=== AIM OF THE EXERCISE ===
Nothing in the data should change when you return it, but leave the pictures out.

=== RAW DATA ===
----------

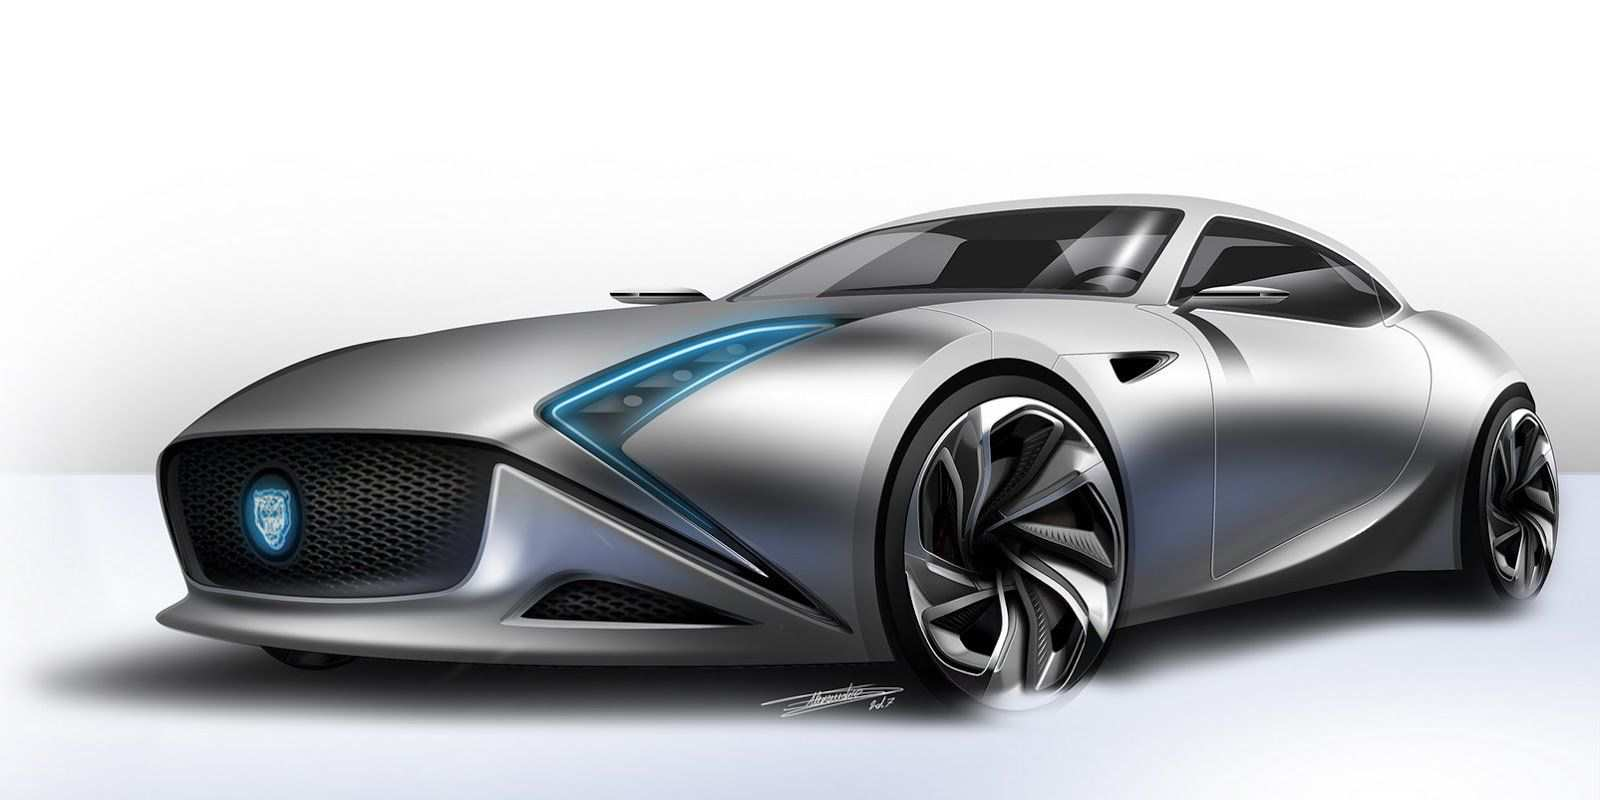 90 The 2020 Jaguar F Type Price by 2020 Jaguar F Type
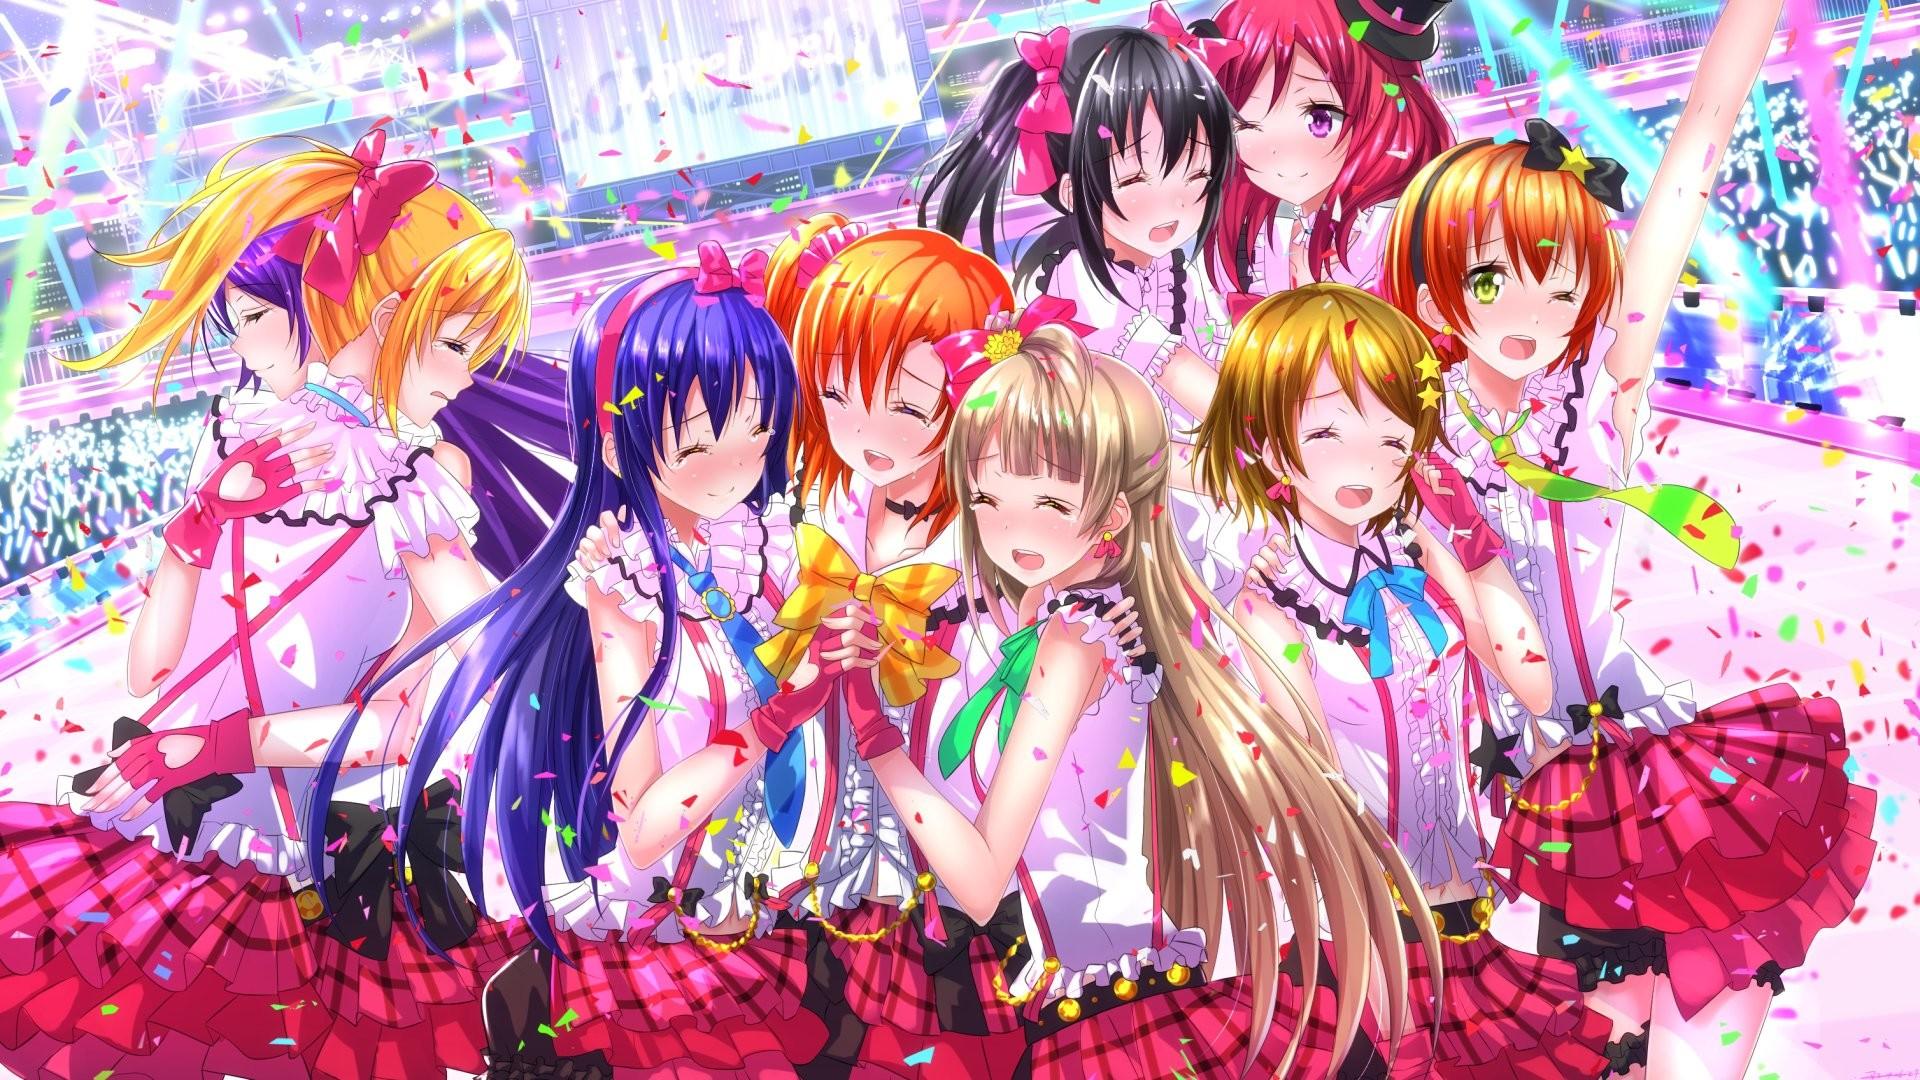 HD Love Live Wallpaper
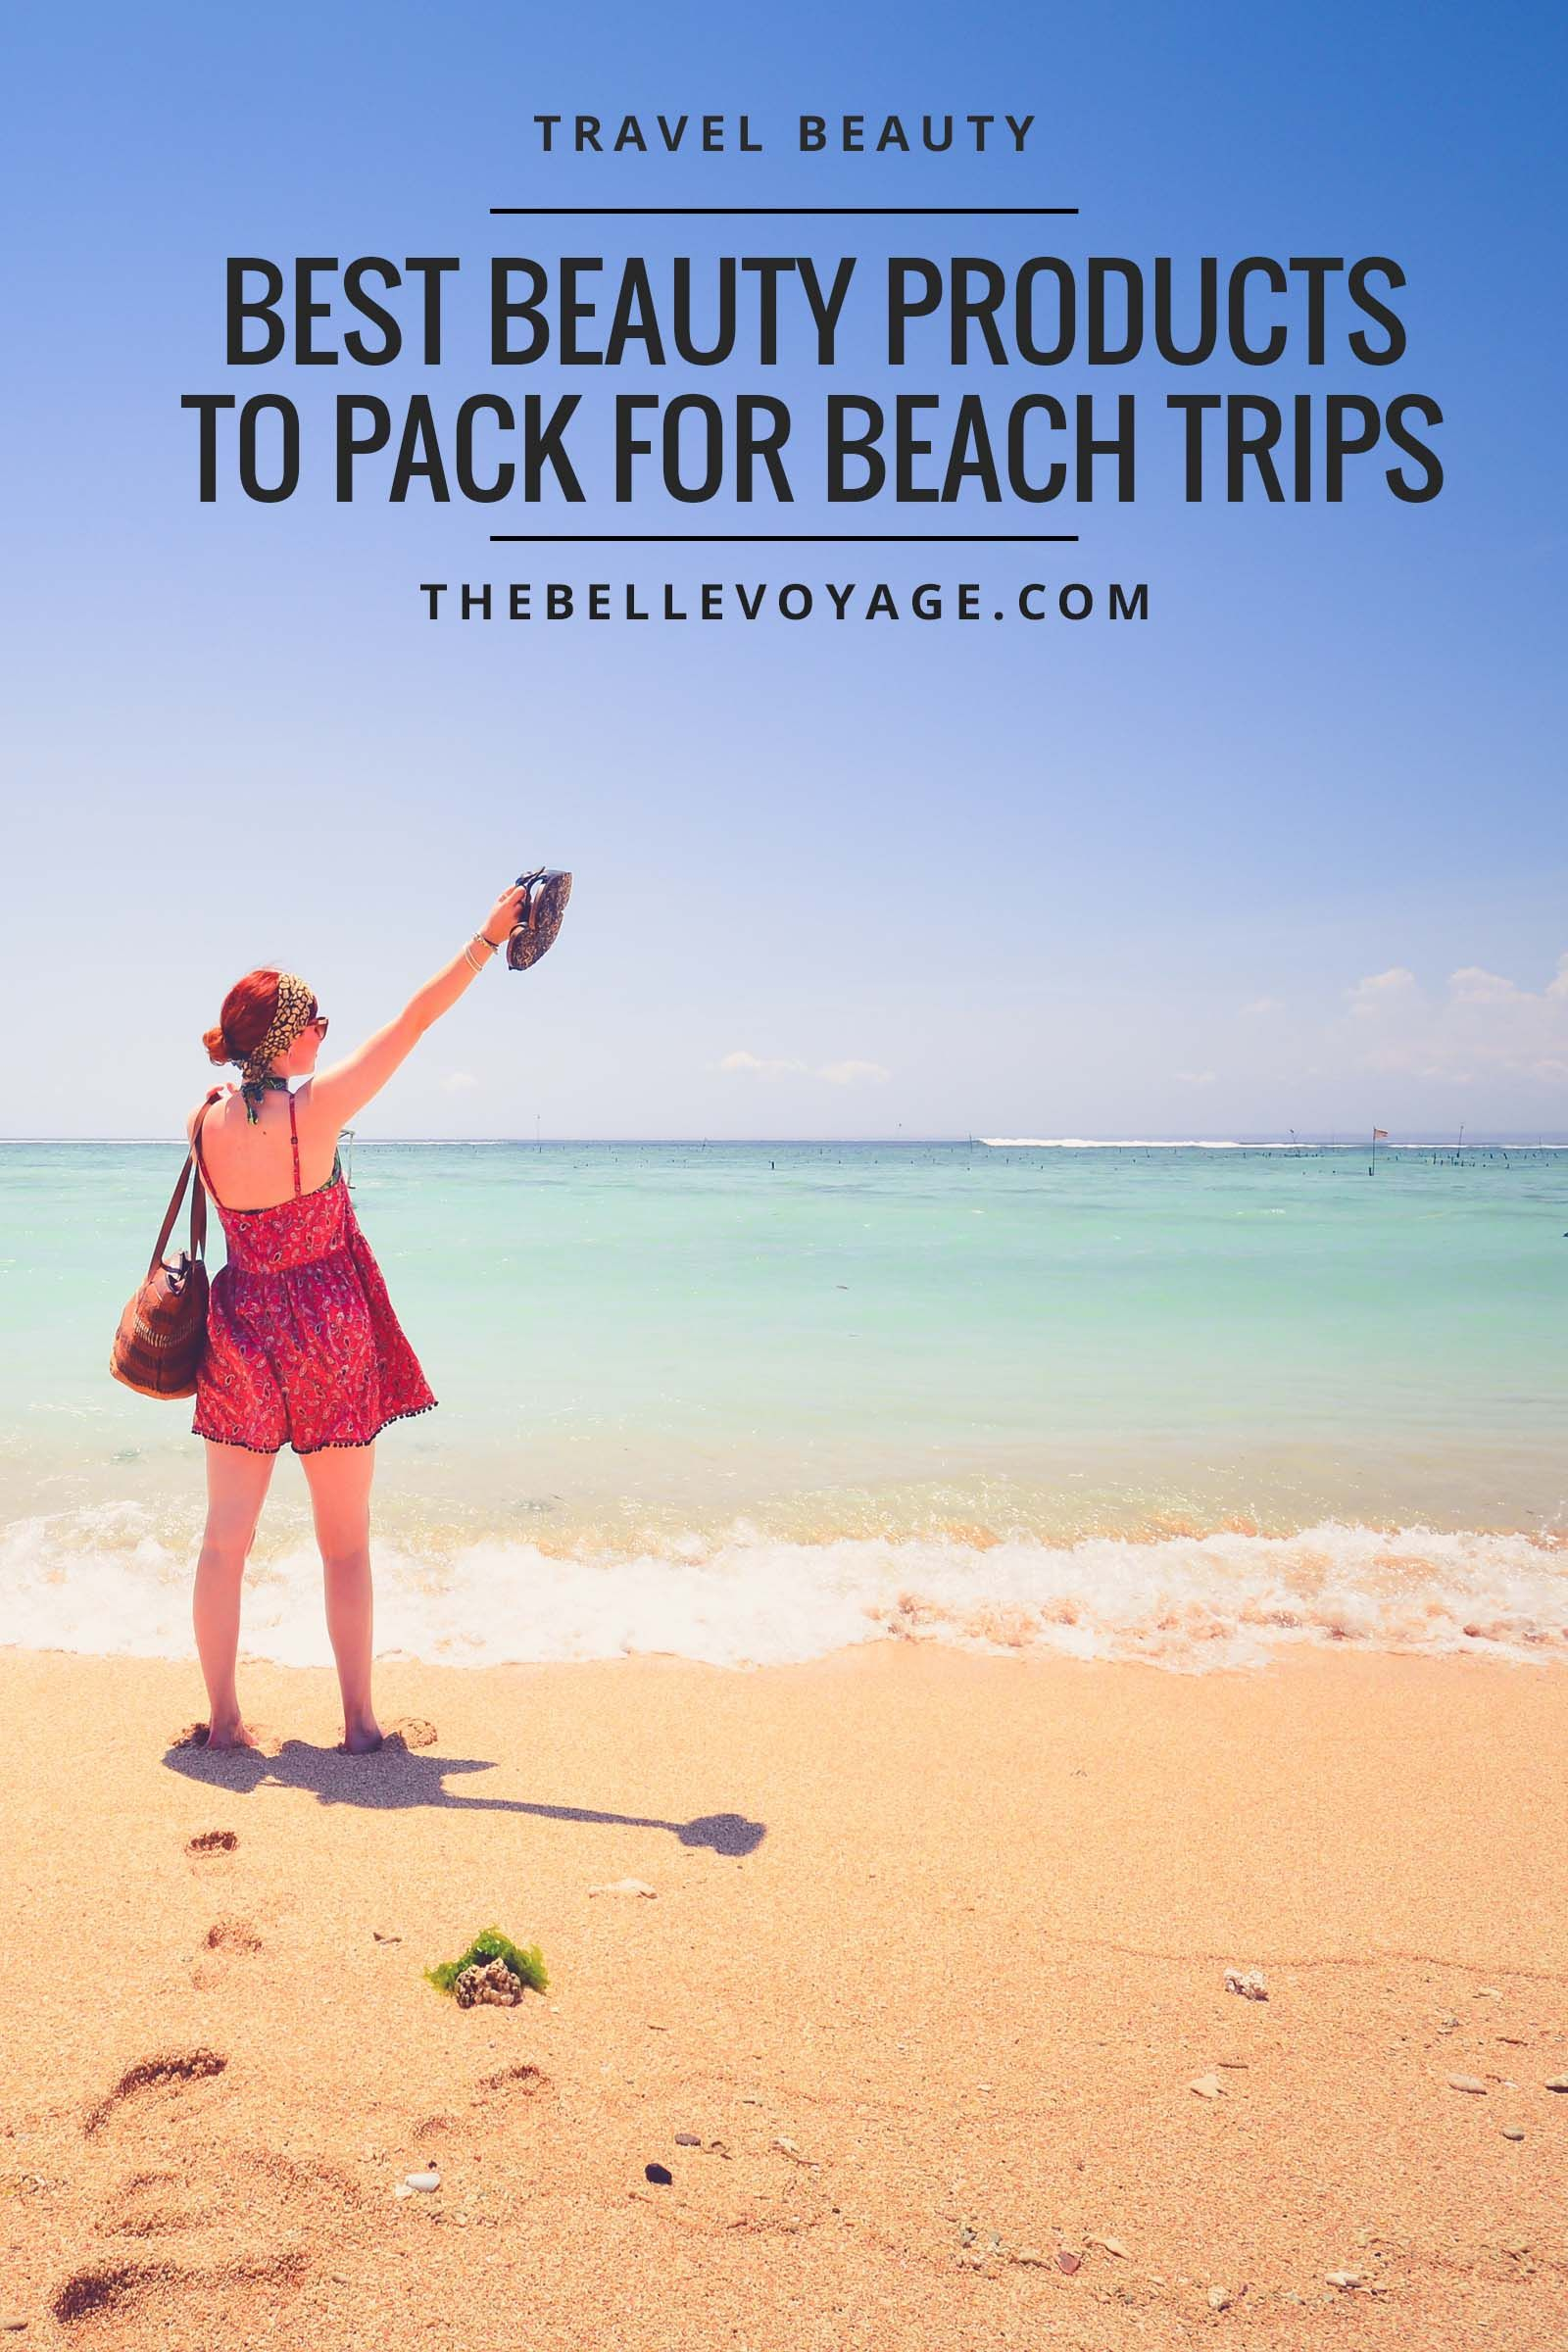 Beach Beauty Products: My Hawaii Makeup Bag  Travel beauty, Beach

----------

=== ANSWER BELOW ===
 90 The 2020 Jaguar F Type Price by 2020 Jaguar F Type
 HD Love Live Wallpaper
 Beach Beauty Products: My Hawaii Makeup Bag  Travel beauty, Beach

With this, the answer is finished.